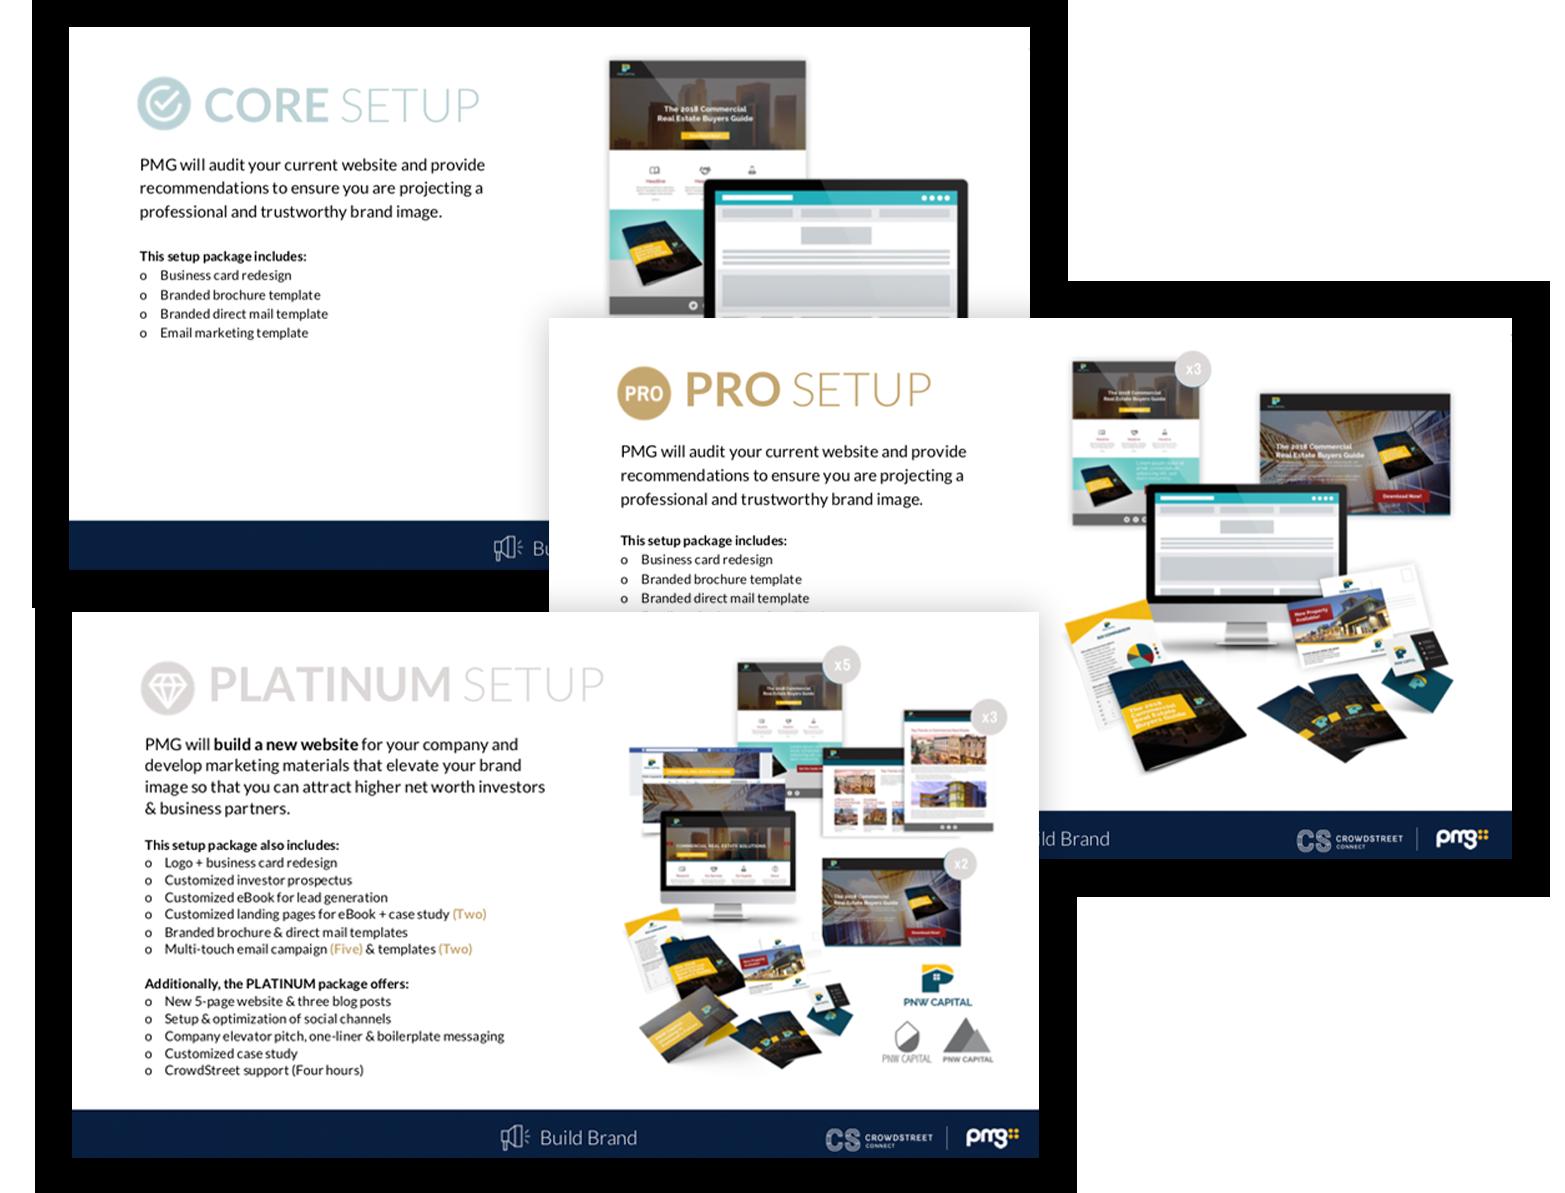 Partner Program tier examples
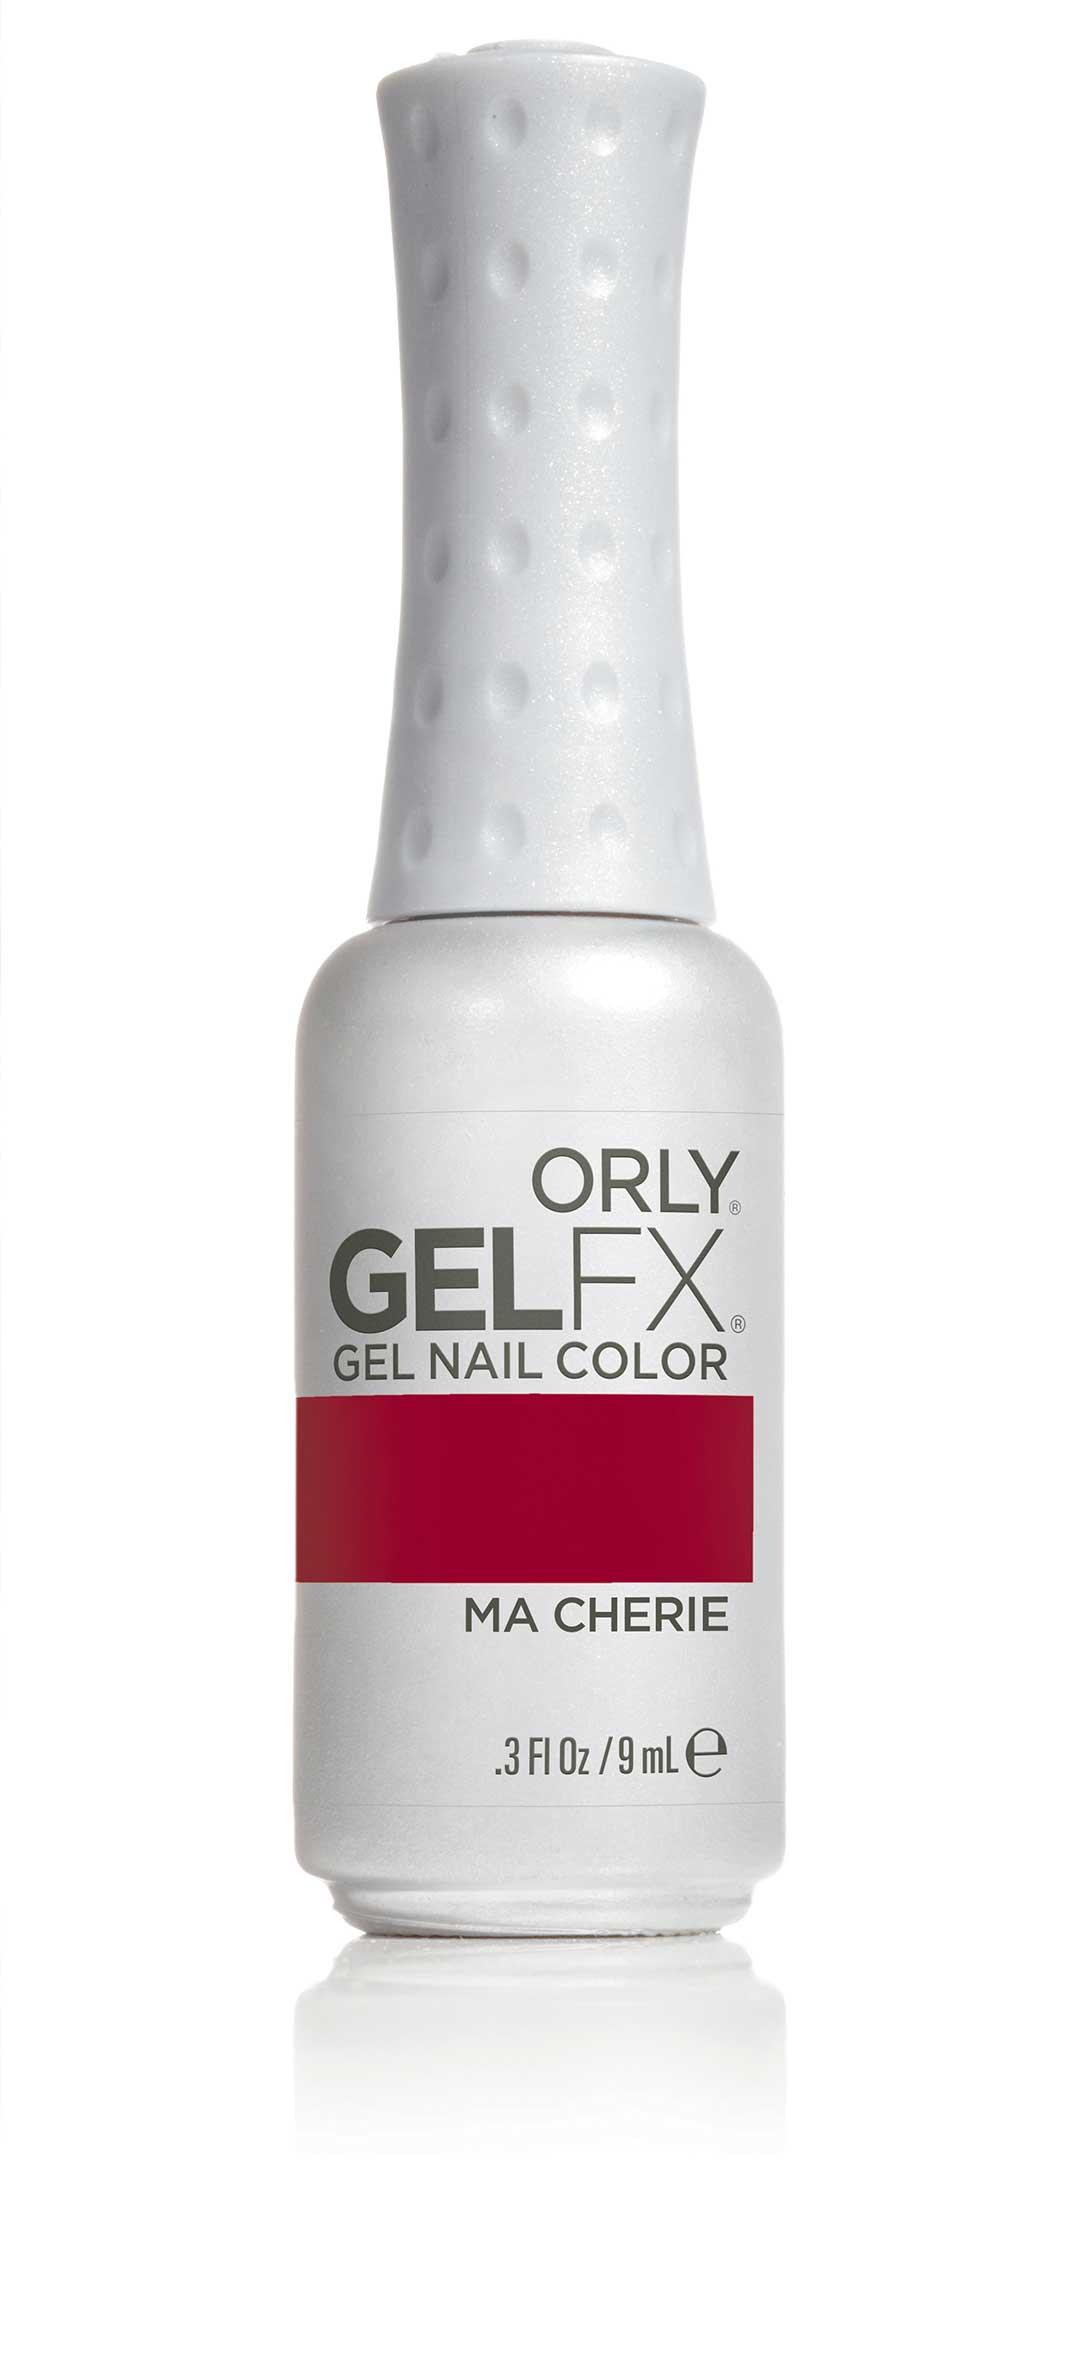 ORLY Гель-лак 25 MA CHERIE / GEL FX 9мл orly гель лак 31 rockin' amber flakie gel fx 9мл
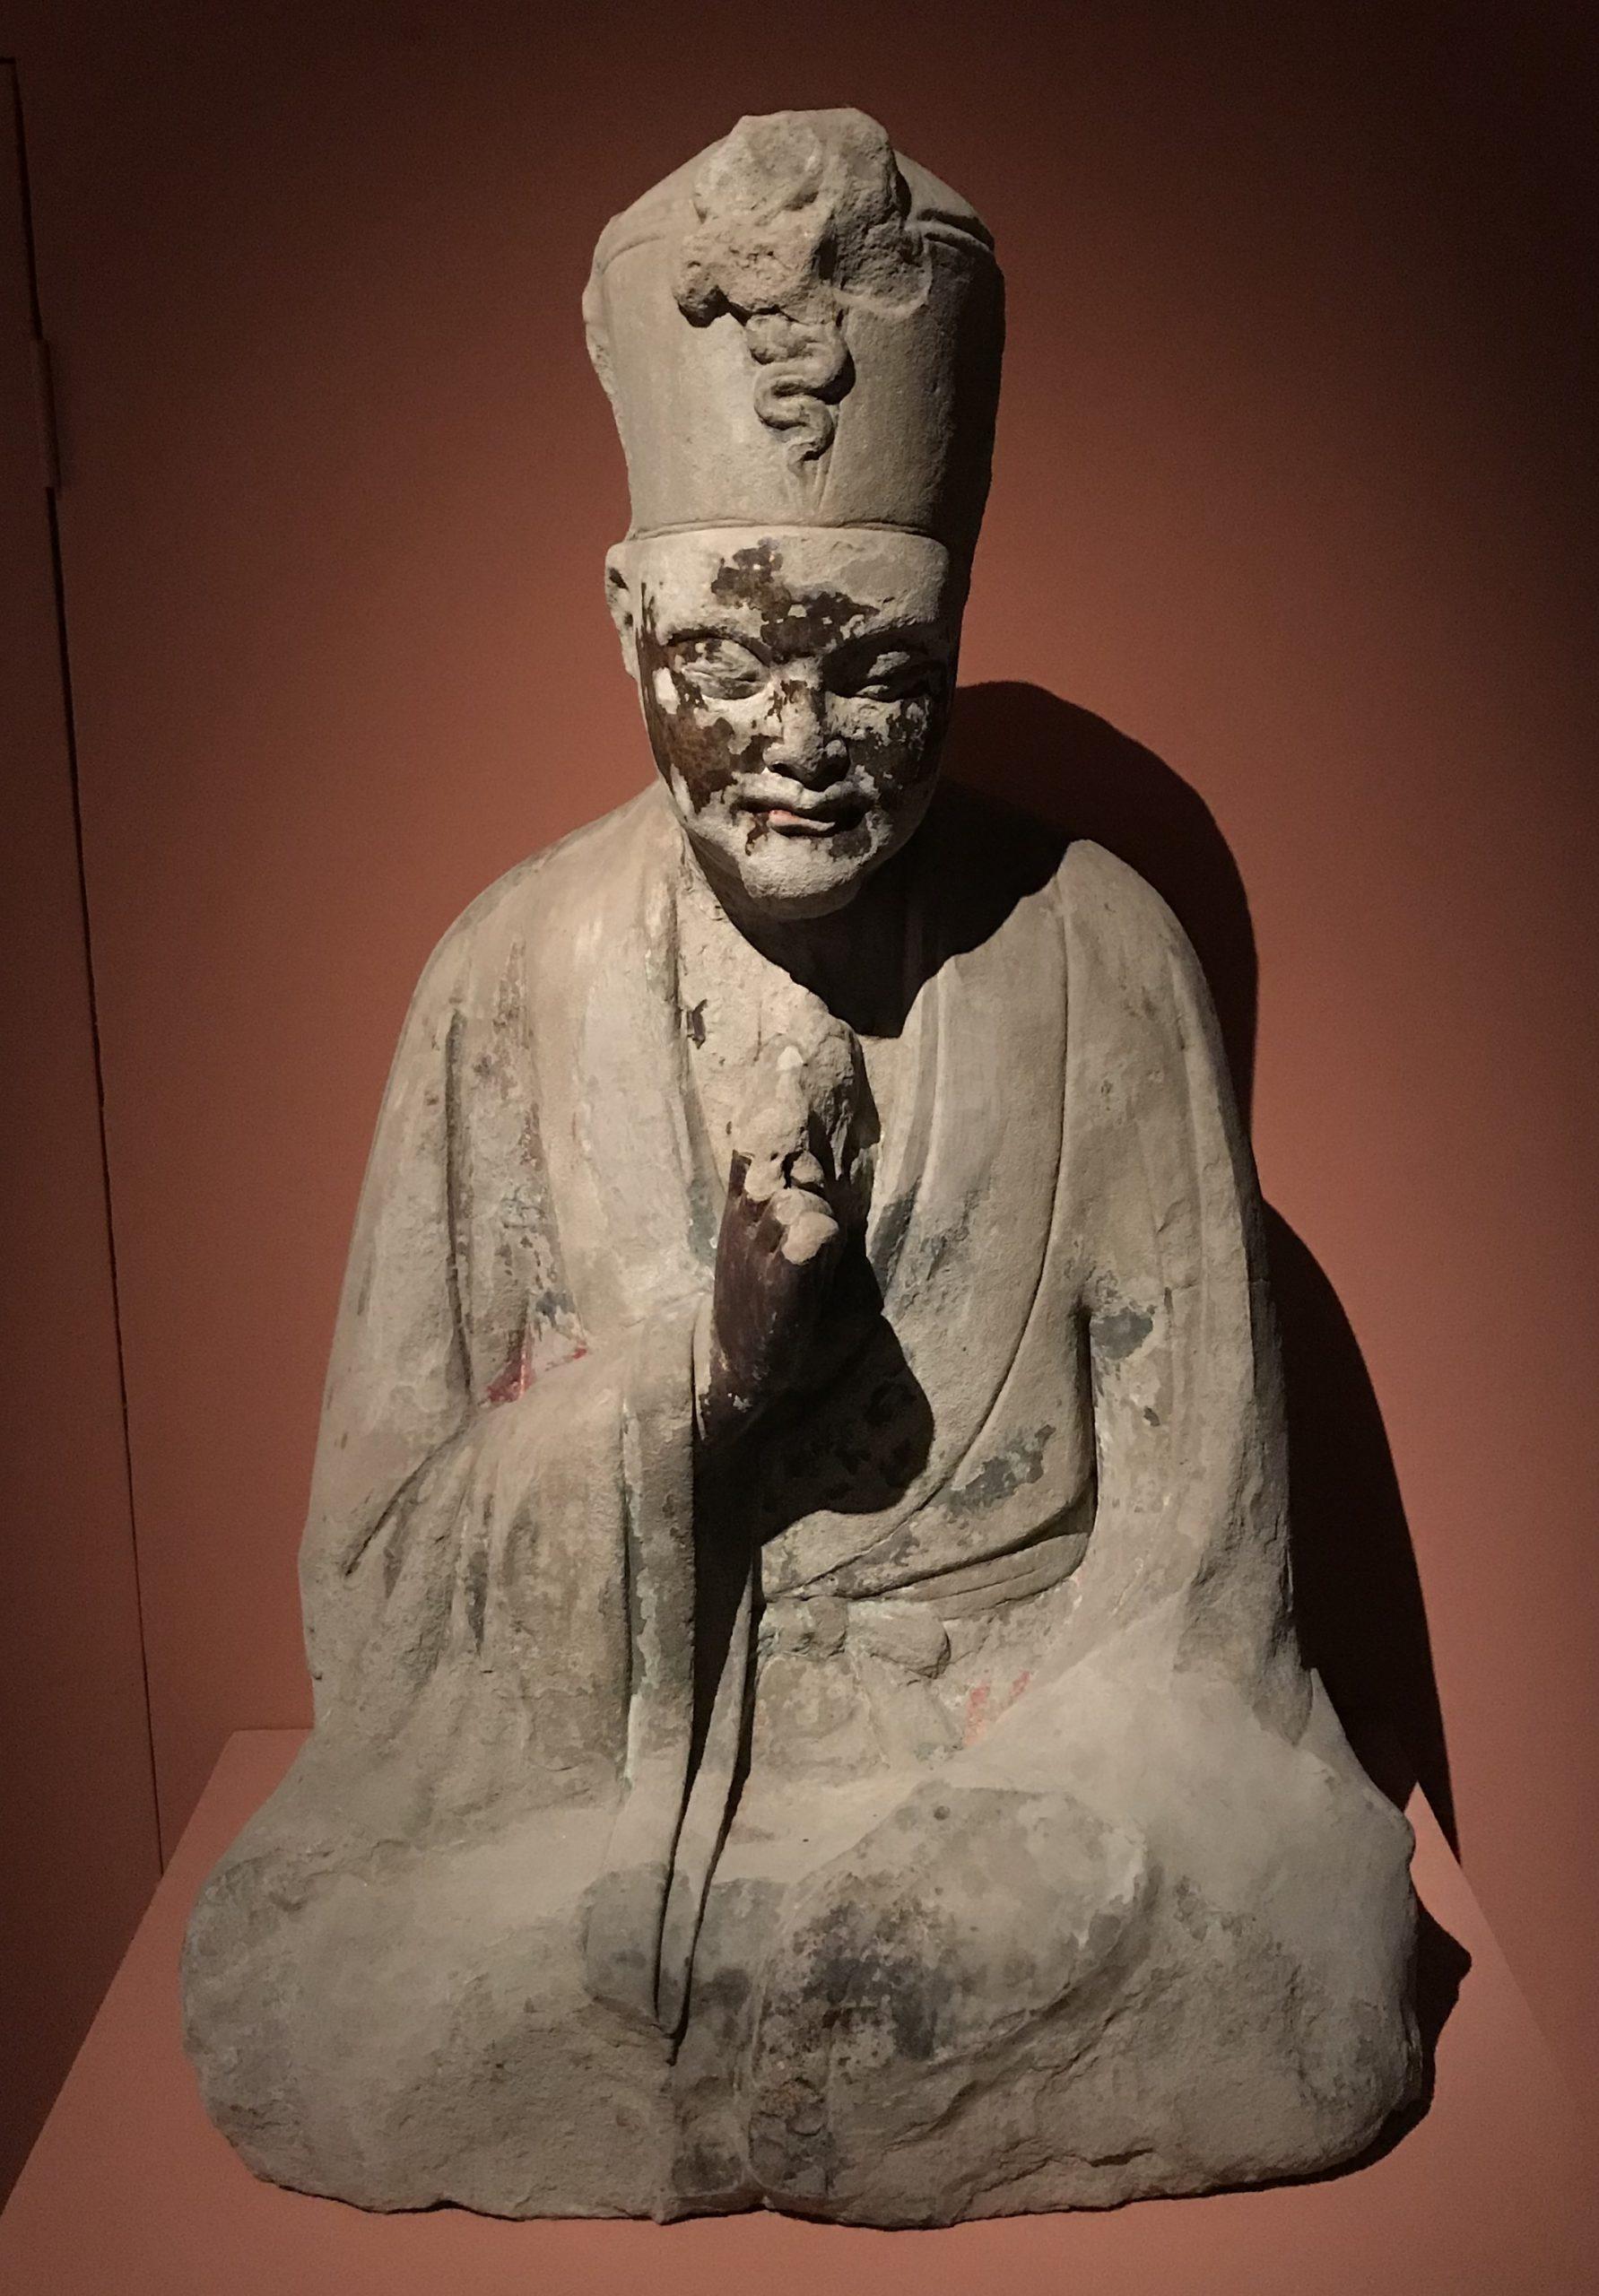 柳本尊像-南宋-天下の大足-大足石刻の発見と継承-金沙遺跡博物館-成都

**WORK TO COMPLETE**
Write out exactly the lines from the line that contains "ORLY Гель-лак 25" through the end of the material, including both ends. No pictures belong in the copy.

**RESPONSE TO THE EXERCISE**
 ORLY Гель-лак 25 MA CHERIE / GEL FX 9мл orly гель лак 31 rockin' amber flakie gel fx 9мл
 柳本尊像-南宋-天下の大足-大足石刻の発見と継承-金沙遺跡博物館-成都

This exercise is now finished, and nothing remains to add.